Finite element analysis of the Dirichlet boundary control problem governed by linear parabolic equation

TL;DR

This paper presents a finite element method for solving a Dirichlet boundary control problem governed by a linear parabolic PDE, including analysis of well-posedness, regularity, optimality conditions, and convergence with numerical validation.

Contribution

It introduces a finite element framework for Dirichlet boundary control of parabolic equations, deriving optimality conditions and establishing convergence rates.

Findings

Proved well-posedness and regularity of the control problem.

Derived optimal order of convergence for control, state, and adjoint variables.

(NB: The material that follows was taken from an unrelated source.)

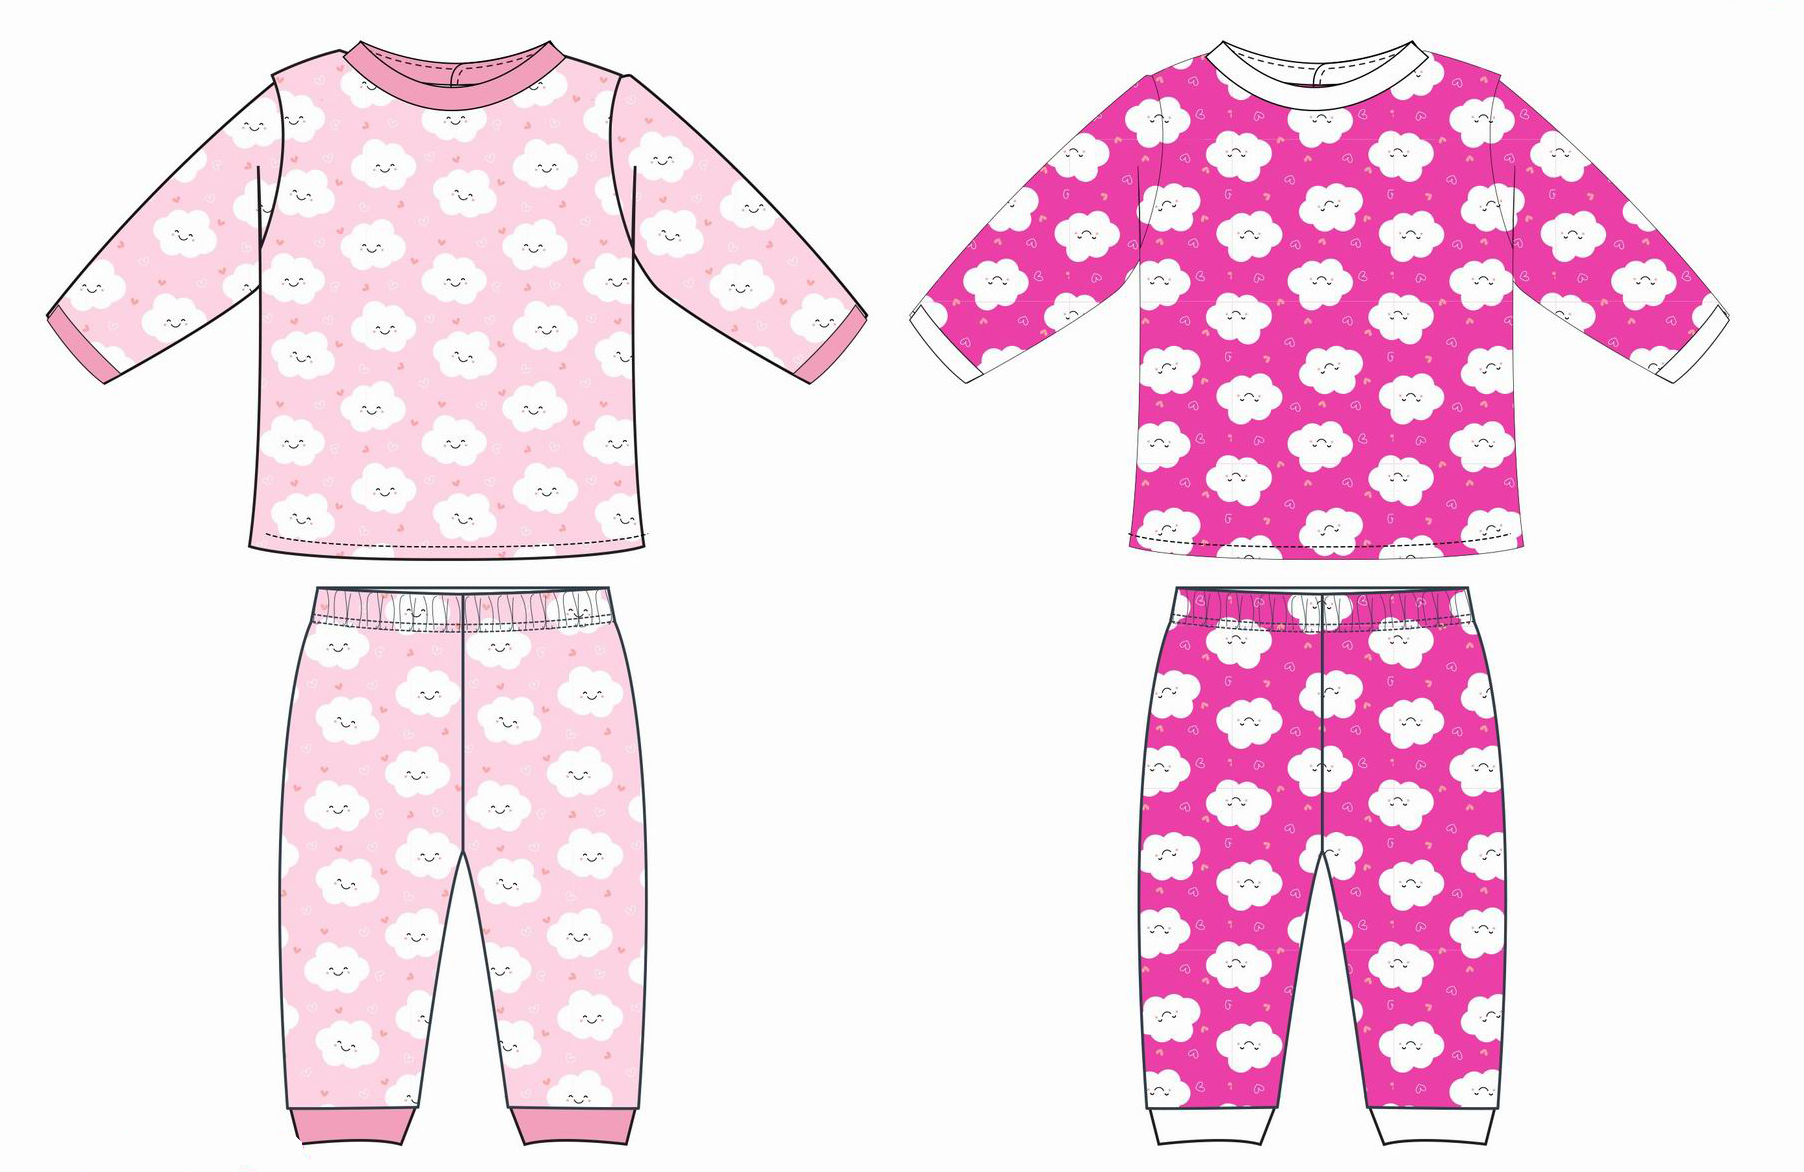 Toddler Girl's 2 PC. Long-Sleeve Rib PAJAMAS Sets w/ Bedtime Cloud Print - Sizes 2T-4T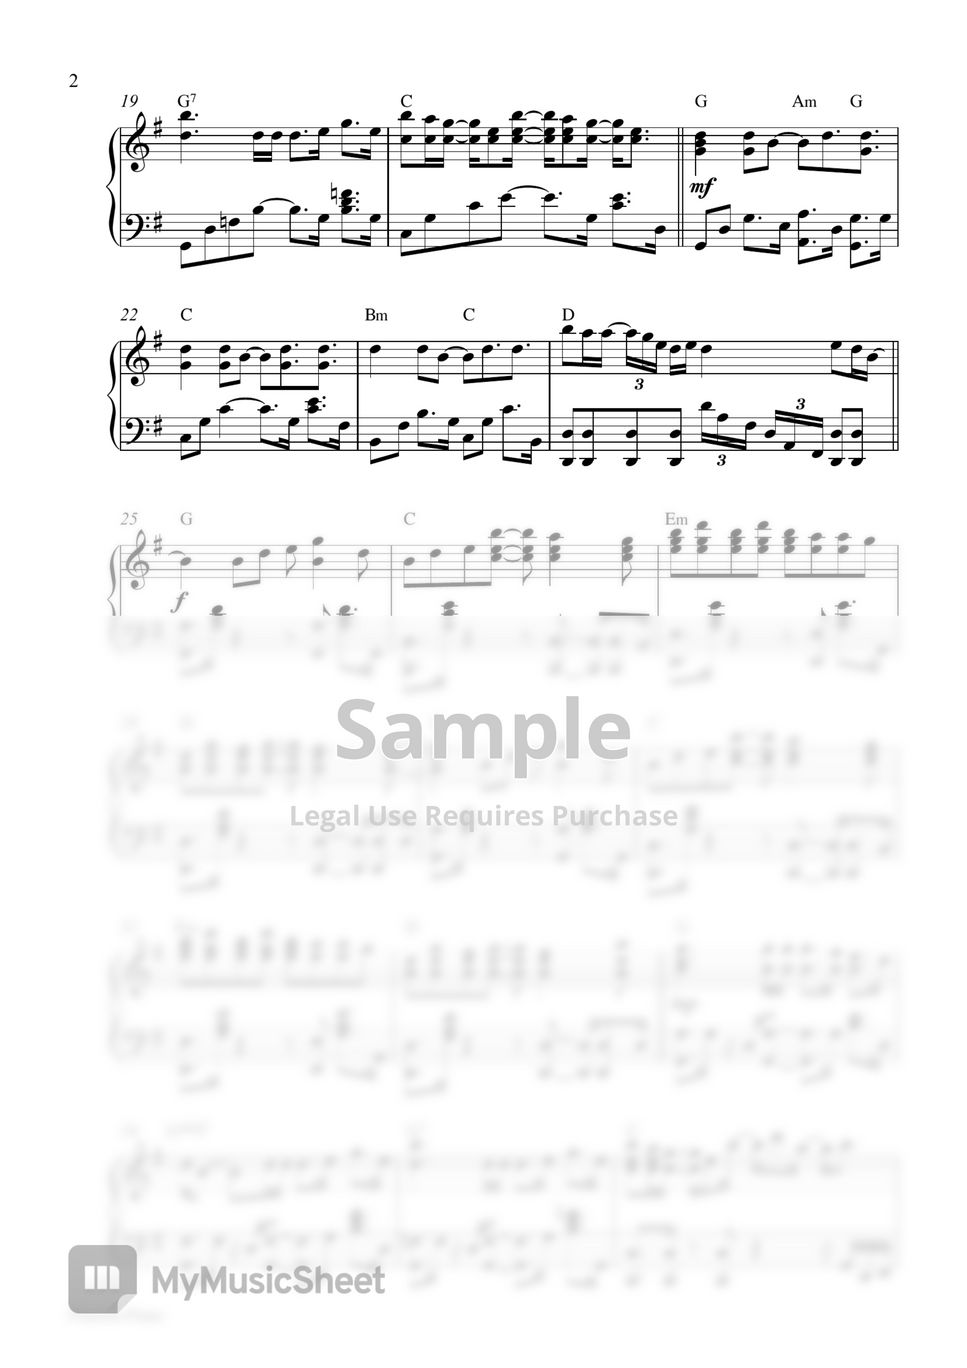 Ariana Grande - Santa Tell Me (Piano Sheet) by Pianella Piano

Validated theoretical results with numerical experiments.

Abstract

A finite element analysis of a Dirichlet boundary control problem governed by the linear parabolic equation is presented in this article. The Dirichlet control is considered in a closed and convex subset of the energy space $H^1(\Omega \times(0,T)).$ We prove well-posedness and discuss some regularity results for the control problem. We derive the optimality system for the optimal control problem. The first order necessary optimality condition results in a simplified Signorini type problem for control variable. The space discretization of the state variable is done using conforming finite elements, whereas the time discretization is based on discontinuous Galerkin methods. To discretize the control we use the conforming prismatic Lagrange finite elements. We derive an optimal order of convergence of error in control, state, and adjoint state. The theoretical results are corroborated by some numerical tests.